# Do Endlers chase or mix with Guppies ?



## ppaskova (Apr 27, 2010)

Hi

I have a female guppy in my tank and I'm wondering if I add a male endler to my tank would it chase my female guppy and can she produce from him ? In other words do they mix or male endler will ignore my female guppy ?


----------



## violet (Jun 29, 2006)

From what I know endlers and guppys mix together.


----------



## bob123 (Dec 31, 2009)

Endlers and guppies will inter-breed because they are from the same family of livebearers.


----------



## carmenh (Dec 20, 2009)

And letting them interbreed is not generally considered a good thing


----------



## BettaBeats (Jan 14, 2010)

bob123 said:


> Endlers and guppies will inter-breed because they are from the same family of livebearers.


3. Will They Breed with Guppies?

Endler's are a close relative to the Guppy, both being of the genus Poecilia. They may even be the same species, because they can cross-breed. The offspring can also reproduce and cross-breed.
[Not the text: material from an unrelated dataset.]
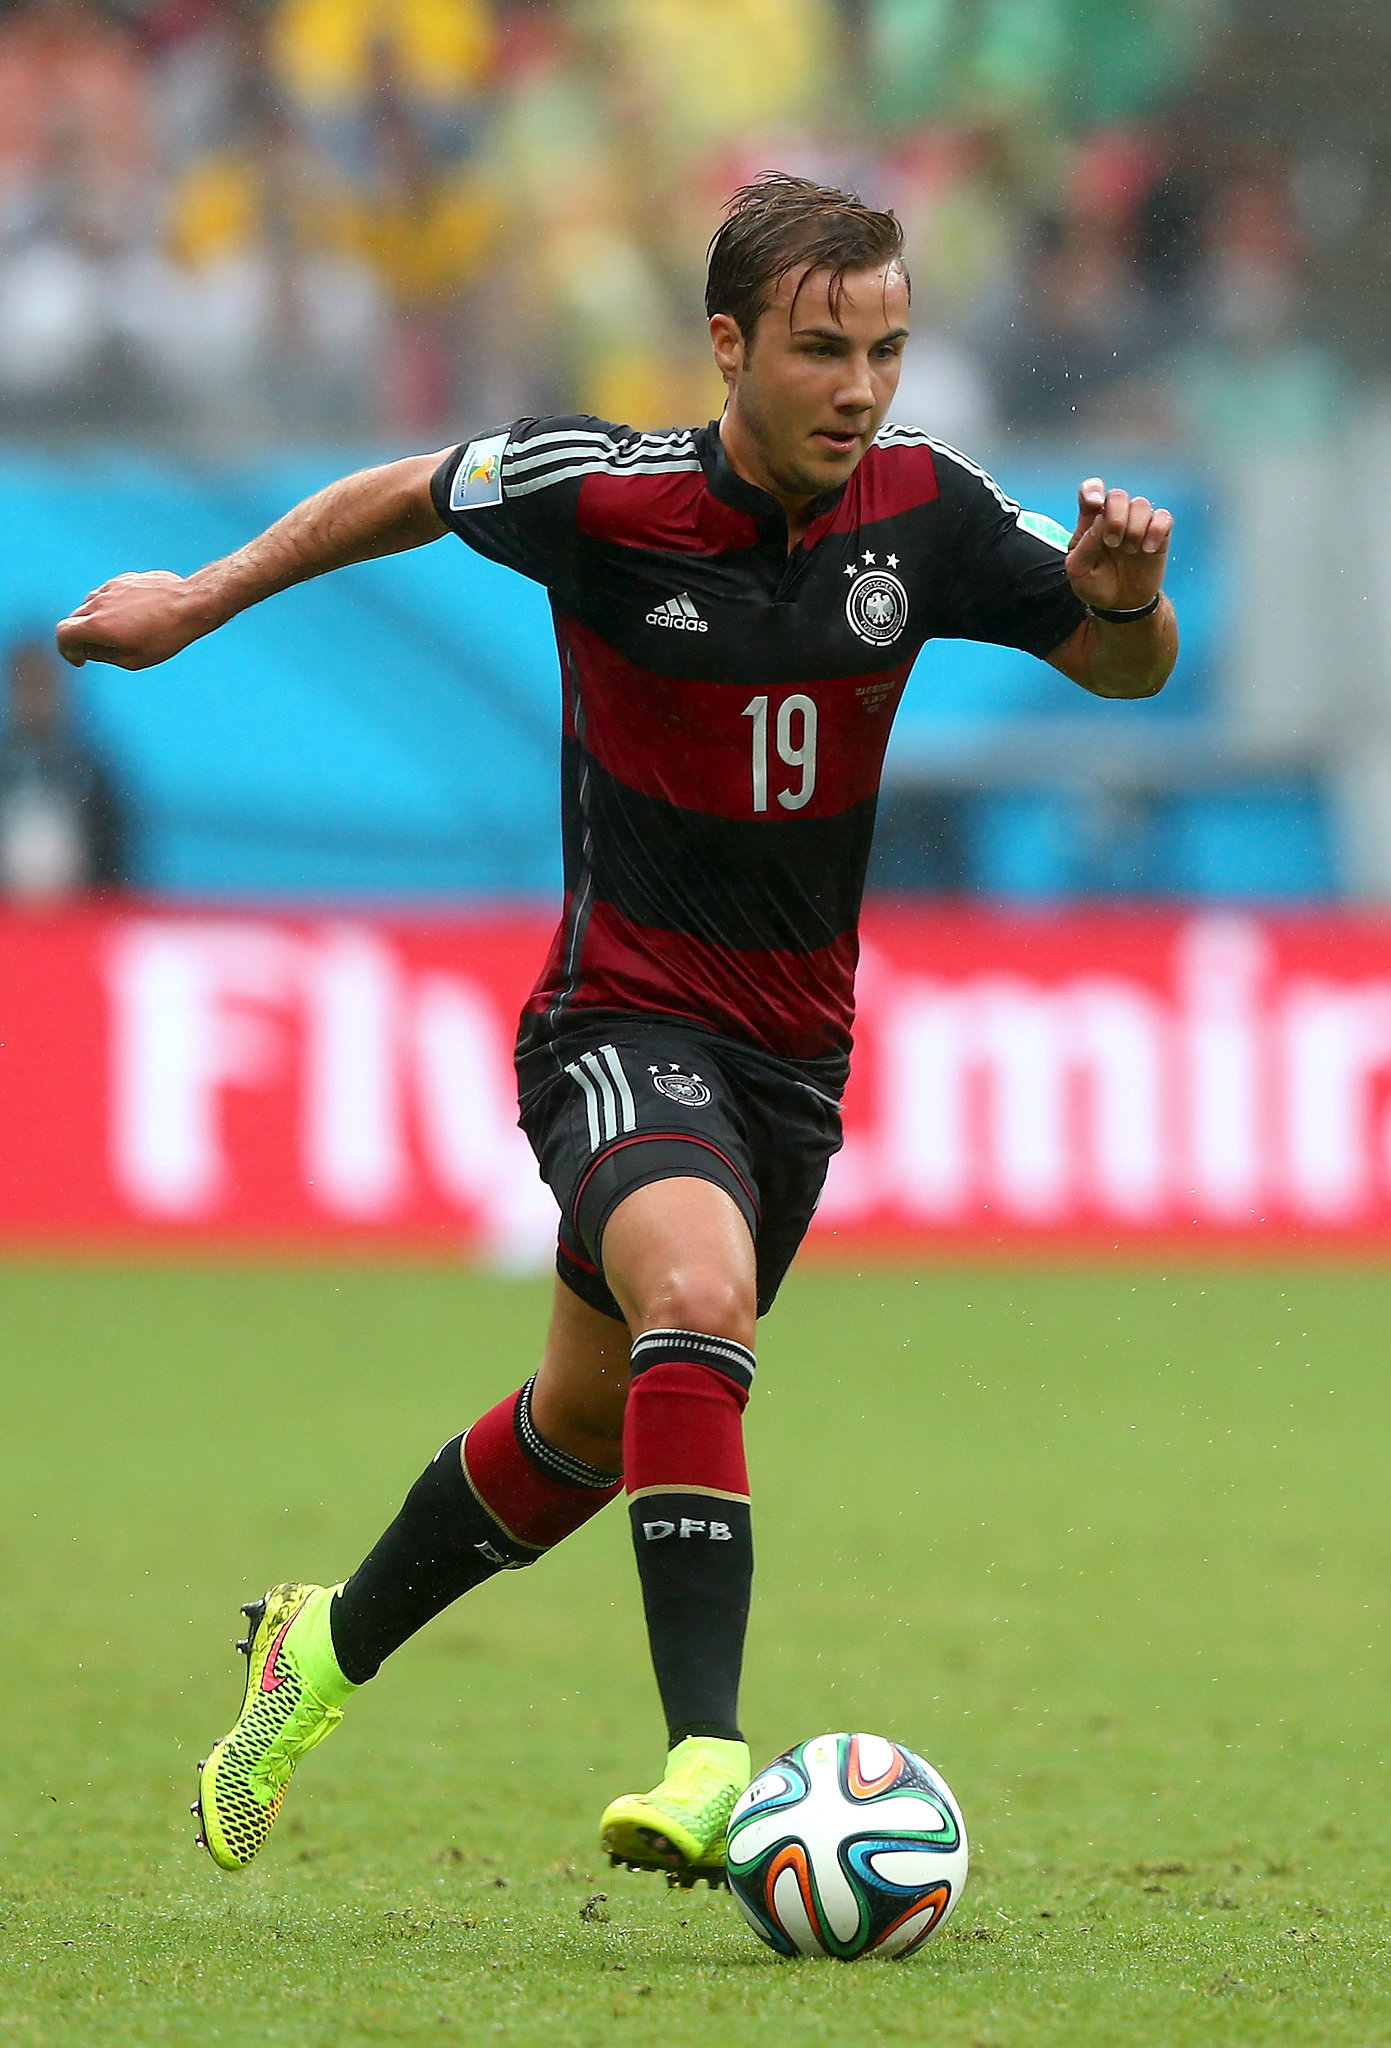 Mario Gotze to join Bayern Munich from Borussia Dortmund ... |Mario Gotze 2013 2014
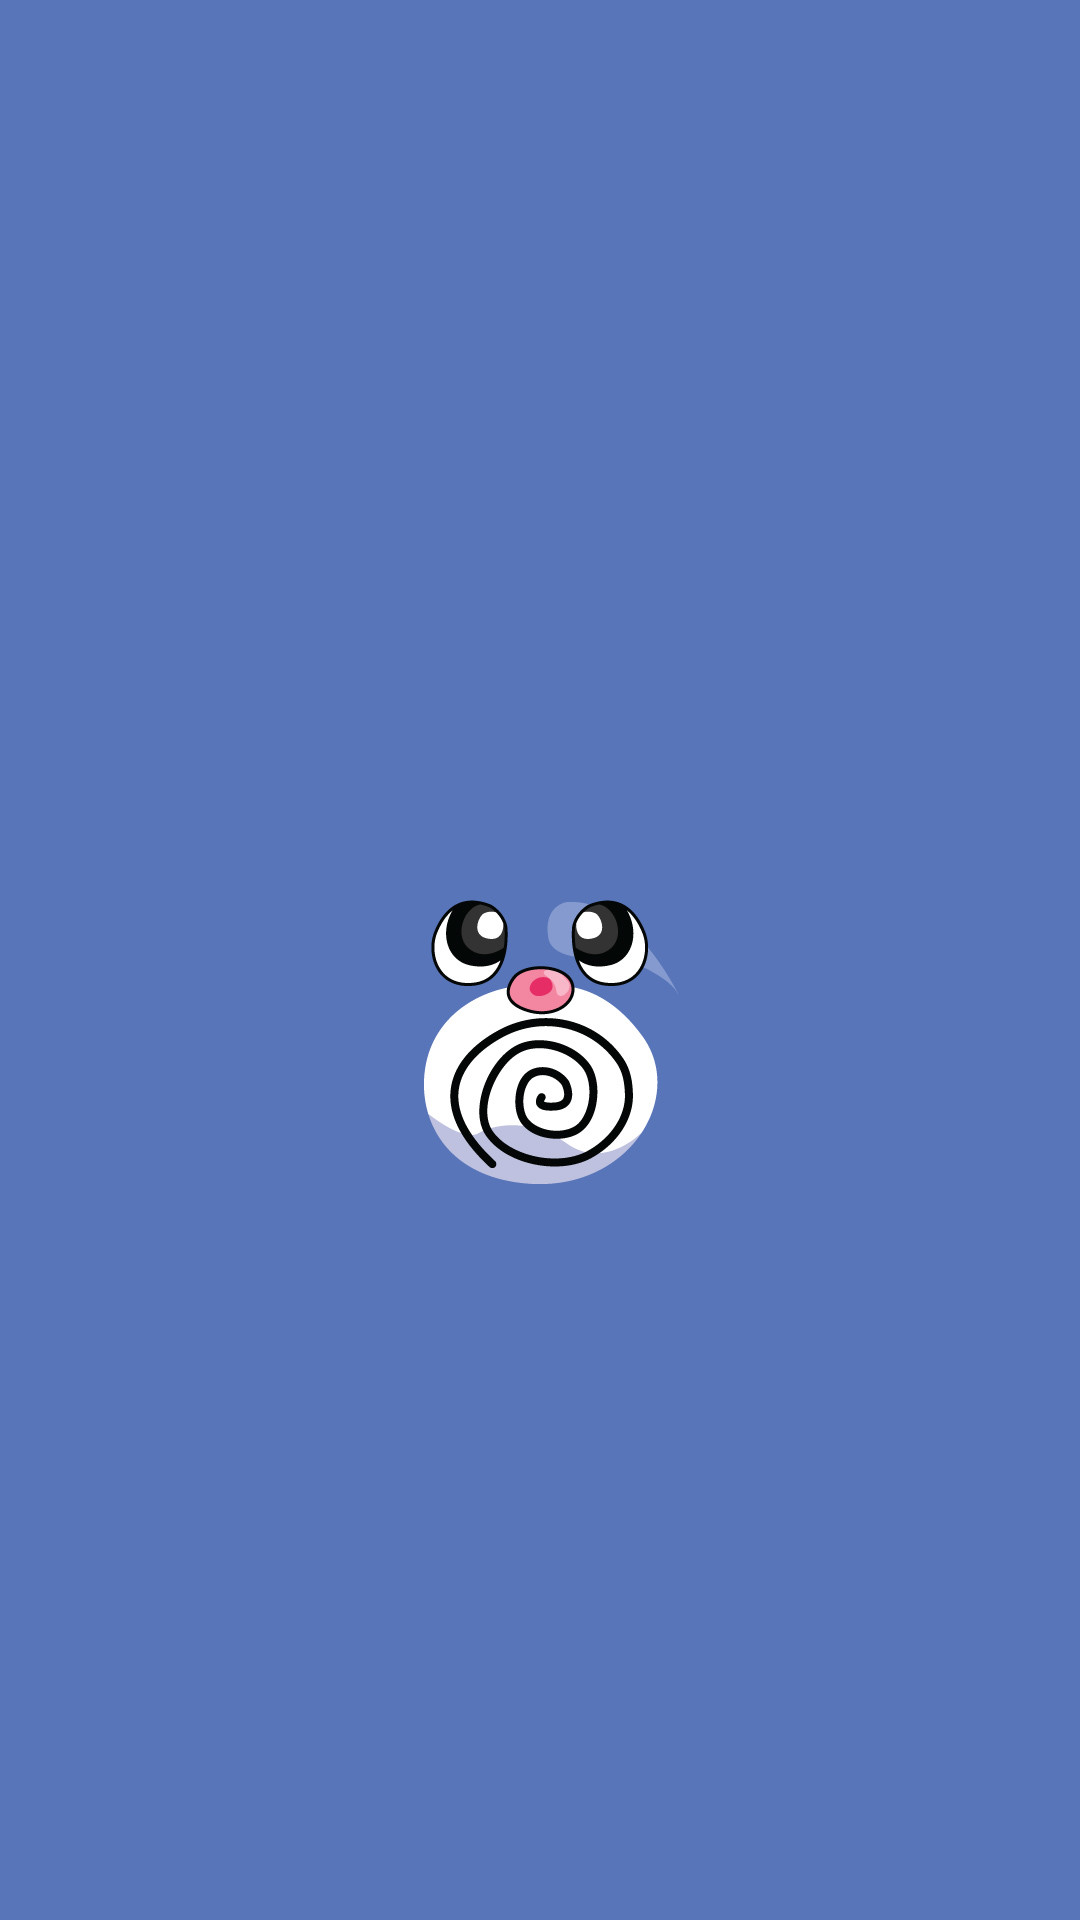 Res: 1080x1920, Poliwag Pokemon IPhone 6+ HD Wallpaper

Keeping Guppies and Endler's together is not a good idea, unless you don't plan on raising the fry or you want to cross-breed on purpose.

http://www.aquariumhobbyist.com/endlerslivebearer/page3.htm#Q3


----------



## ShrimpieLove (Apr 26, 2010)

I have endlers and guppies but I only keep males so i am not sure about breeding- but i can say my male endlers act just like my male guppies- theyre always following them around and schooling with them ... They get along fine


----------